Dear Karthik Pillai:
We have reviewed your Section 510(k) premarket notification of intent to market the device referenced above and have determined the device is substantially equivalent (for the indications for use stated in the enclosure) to legally marketed predicate devices marketed in interstate commerce prior to May 28, 1976, the enactment date of the Medical Device Amendments, or to devices that have been reclassified in accordance with the provisions of the Federal Food, Drug, and Cosmetic Act (Act) that do not require approval of a premarket approval application (PMA). You may, therefore, market the device, subject to the general controls provisions of the Act. Although this letter refers to your product as a device, please be aware that some cleared products may instead be combination products.

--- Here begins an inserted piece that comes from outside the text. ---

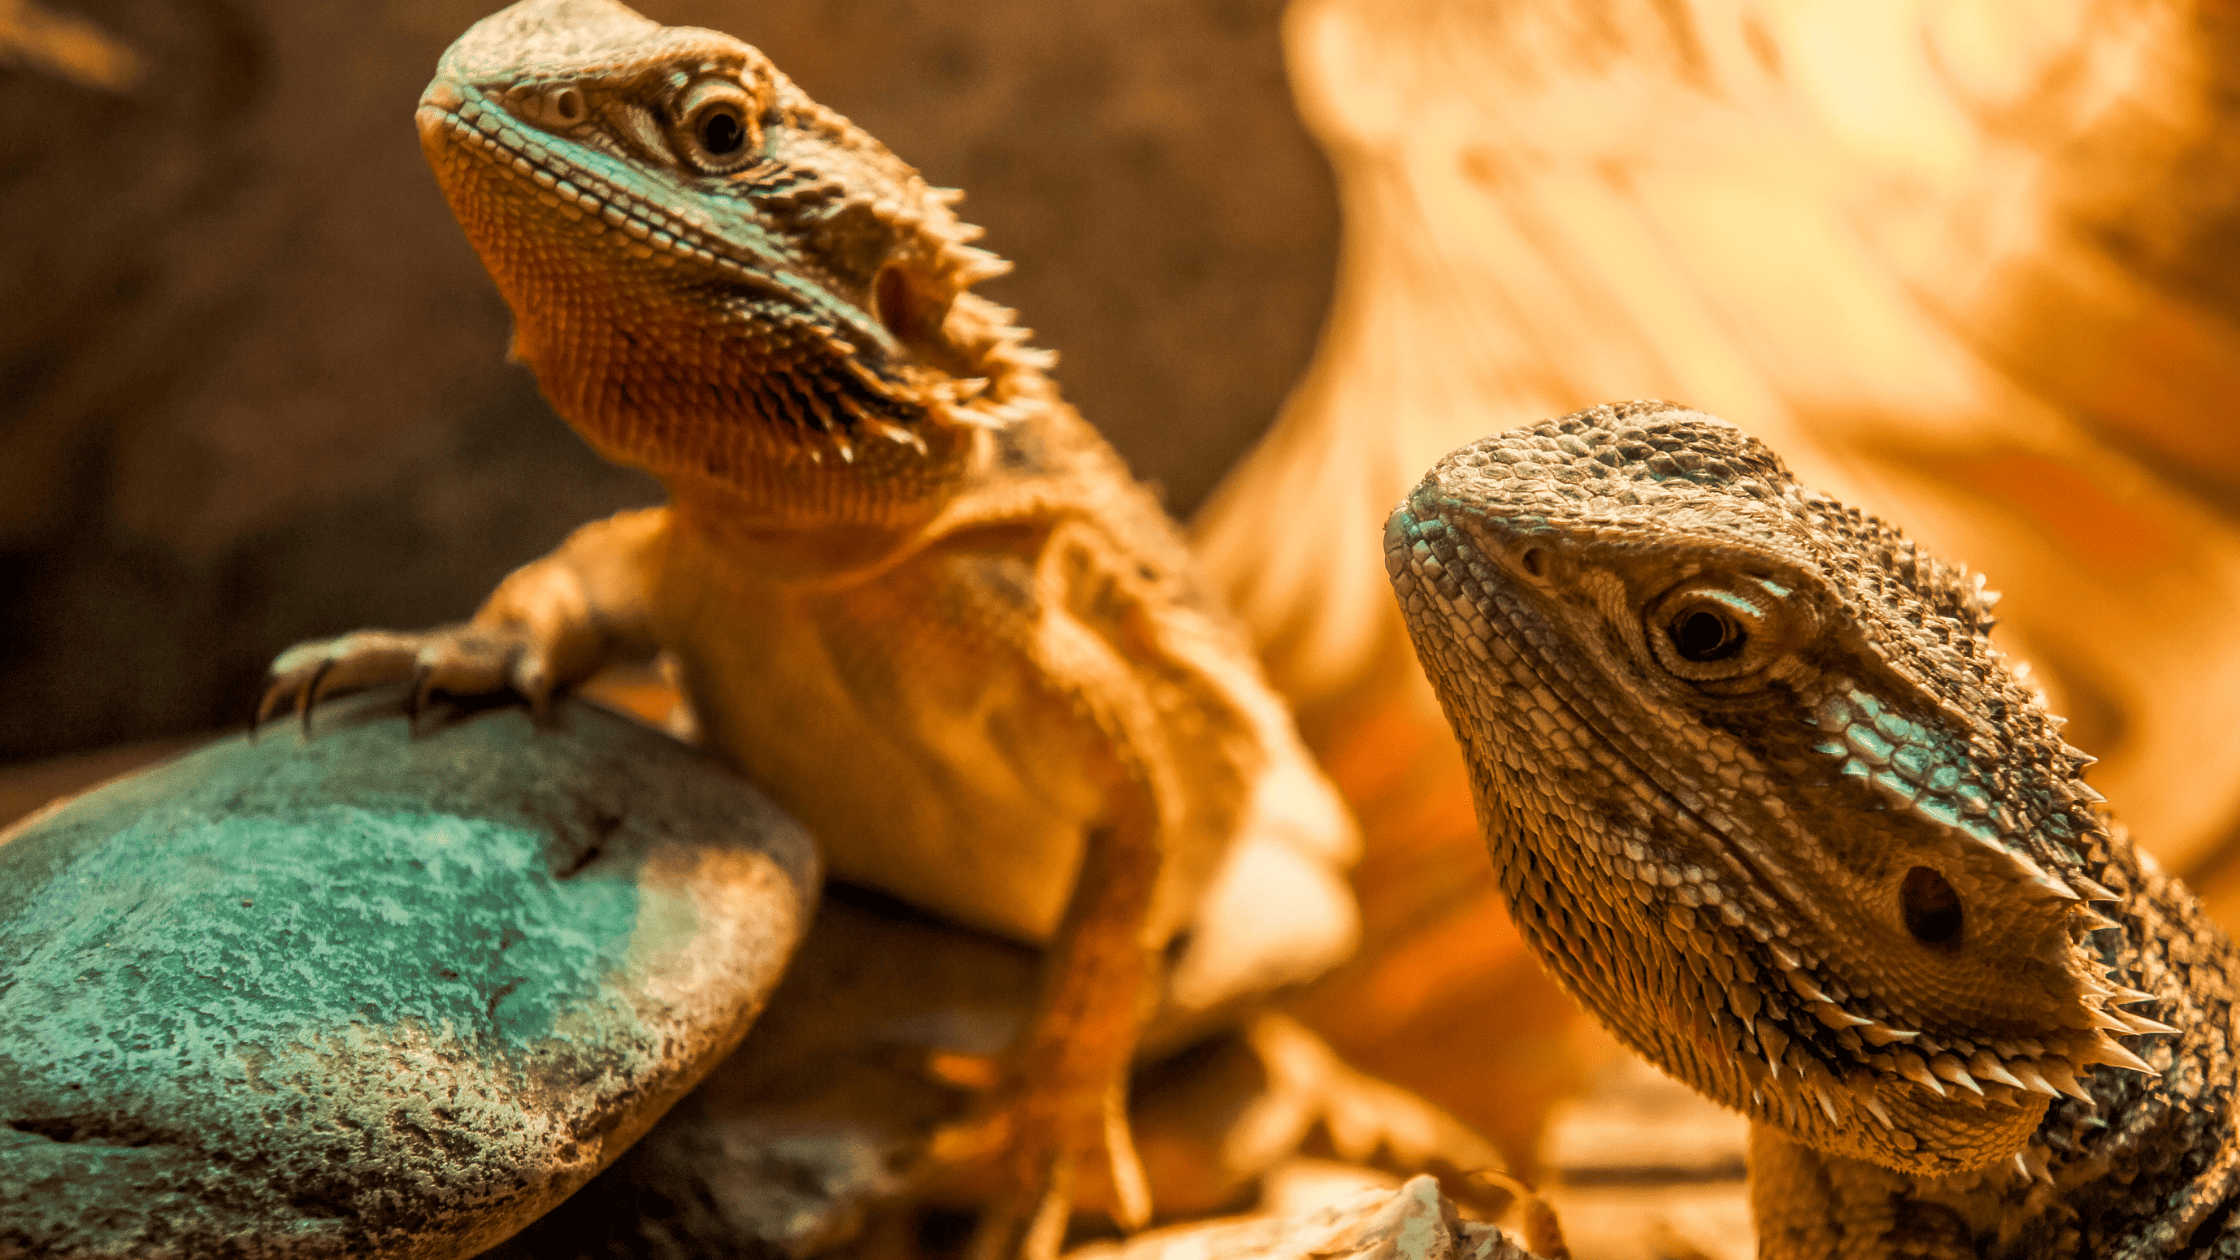 Do Bearded Dragons Need a Heat Lamp? If you're setting up a habitat for a bearded dragon, you may wonder if it needs a night time heat source or a heat lamp. Let's discuss all about it. Do Bearded Dragons Need a Heat Lamp? Yes, in order to keep a bearded dragon's habitat at an optimal temperature, it is typically necessary to provide a heat source, i.e., a heat lamp. When the temperature in the vivarium drops below 76 degrees Fahrenheit, this lamp must be turned on. In most cases, bearded dragons must be kept under a heat lamp for 12 to 18 hours daily. Beginners may find it hard to figure out how much light and heat a bearded dragon needs, which is understandable. Choosing the improper fixture might impair your bearded dragon's health. This article will tell you all you need to know about how much heat a bearded dragon needs. What are Heat Lamps? Heat lamps are light bulbs that give off both light and heat. They are available in various forms, which can be used for multiple purposes and wattages. You may get ceramic heat emitters, vapour bulbs, and heat lamps for your bearded dragon, supplying it with the necessary amount of heat to keep it healthy. The majority of the time, heat lamps are placed in the locations where beardies like to sunbathe. During the day, here is where they will rest and either perch or lay. They do this so they may also be exposed to UV radiation and heat. Since this is how bearded dragons act in the wild, it's only natural to let your pet bask in your home. The wattage of the light bulb that you will put in the heat lamp will be determined by the environment in which it will be kept. If you have a terrarium that is 50 gallons in size, you will need a bulb with a lower wattage than if you have a 100-gallon terrarium. To maintain the same temperature inside the terrarium, the heater's wattage will need to be increased. Do Bearded Dragons Need Heat Lamp To Sleep? Bearded Dragons need a heat lamp to keep them warm at night, but only when the temperature dips below 76 degrees Fahrenheit. During the day, it will be pretty warm, but at night, the temperature will drop to about 70-76°F. If the temperature in the room is already this high or close to it, then you do not need to purchase any more heaters to keep your beardie warm. On the other hand, if the temperature falls below the range of 70 to 76 degrees Fahrenheit, you might want to acquire a ceramic heat emitter. A ceramic heater will produce no light while still providing sufficient heat to maintain the tank's temperature at a constant level. How to Use a Heat Lamp at Night for a Bearded Dragon? At night, you might also require the use of a heat lamp. This is to ensure the temperature doesn't fall below 76 degrees Fahrenheit. The great news is that you can find nighttime heat bulbs in stores, and these bulbs produce a lesser degree of light. Because of this, your bearded dragon can maintain a comfortable temperature without being bothered by any light. Night-time heat bulbs are often sold in shades of red or dark blue and may be purchased at pet stores as well as online. These bulbs' wattage can range from 15 to 75, depending on the specific model. Because your bearded dragon cannot see the light emitted by these bulbs, you won't have to worry about the bearded dragon being scared by it. If you use a lamp that simulates daylight at night, please do not do so since it will prevent your dragon from having a restful sleep. What Happens If a Beardies Gets Cold? Many bad things can happen if you don't keep your beardie warm. The first sign is that your pet will become tired and have a diminished appetite or none. This is because inadequate illumination for bearded dragons causes a slowdown in the bearded dragon's metabolism. Exposure to cold for an extended period can effectively constitute a dead environment for a bearded dragon. Because of this, the temperature is an extremely important factor. What About Under Tank Heat Pads? Bearded dragons require a steady supply of moderate heat, which may be provided with under-tank heating pads. In addition to the heat lamps, these cushions may be placed below the terrarium to provide additional warmth. Heat pads are perfect for warming the layer underneath and giving your bearded dragon a little more warmth. Heat pads are beneficial, not just in the winter but also in other cold seasons. If you need a heating pad under the tank, you'll have to ensure it fits the terrarium. This is because heat pads of an insufficient size will not provide sufficient heat. You may want more than one heat pad if you have a huge terrarium. In addition, you will want an adequate number of power outlets into which the heating pads may be plugged. Heat Tape Heat tapes, also referred to as "heat cables," can heat particular habitat regions. Wrapping tape over the terrarium's larger rocks is one option. Tape is another option that might be used to cover the perch. When it is sunbathing, this will offer additional heat for your bearded dragon. Heat tapes should only be used when needed. If you use an excessive amount of heat tape, you run the risk of the terrarium becoming overheated. This might cause burns. Ceramic Lamp A ceramic lamp is excellent for heating at night because it doesn't give off light and won't mess up your bearded dragon's natural sleeping schedule. You can get a lot of great ceramic lamps at great prices. Make sure it is connected to a thermostat so it will only turn on when the temperature falls below 18 degrees Celsius. Infrared Nighttime Bulb A bulb that emits infrared light is yet another suitable option. The illumination from this bulb won't disturb your bearded dragon's sleep. Just remember that a ceramic lamp will last longer than an infrared bulb. Using Thermometers You should use a thermometer in the warmer parts of the terrarium, such as the basking area. This will let you always keep an eye on the temperatures. You can get good results with digital thermometers, but if you like, you may also use an analogue thermometer. Whatever type you pick, make it function properly, and check the heat frequently. Putting thermometers in different places in the terrarium lets you control the heat. Your bearded dragon will be pleased and in good health, if the temperature in its terrarium is maintained within the appropriate range. Do Bearded Dragons Always Require Heat? Your bearded dragon's vivarium should have the same heat and light cycle as the wilds, where the temperature drops at night. Because of this, your bearded dragon requires a soothing effect at night. This allows you to switch off your heat light when you get ready for bed. What Temperatures Are Unacceptable for a Bearded Dragon? In order for a bearded dragon to effectively digest the food it eats, the temperature of its habitat should be maintained at a level between 100 and 110 degrees Fahrenheit. If the environment's temperature is too high, the beardie will not be able to digest its food properly and will have other adverse effects on its health.

The 510(k) Premarket Notification Database located at https://www.accessdata.fda.gov/scripts/cdrh/cfdocs/cfpmn/pmn.cfm identifies combination product submissions. The general controls provisions of the Act include requirements for annual registration, listing of devices, good manufacturing practice, labeling, and prohibitions against misbranding and adulteration. Please note: CDRH does not evaluate information related to contract liability warranties. We remind you, however, that device labeling must be truthful and not misleading.
If your device is classified (see above) into either class II (Special Controls) or class III (PMA), it may be subject to additional controls. Existing major regulations affecting your device can be found in the Code of Federal Regulations, Title 21, Parts 800 to 898. In addition, FDA may publish further announcements concerning your device in the Federal Register.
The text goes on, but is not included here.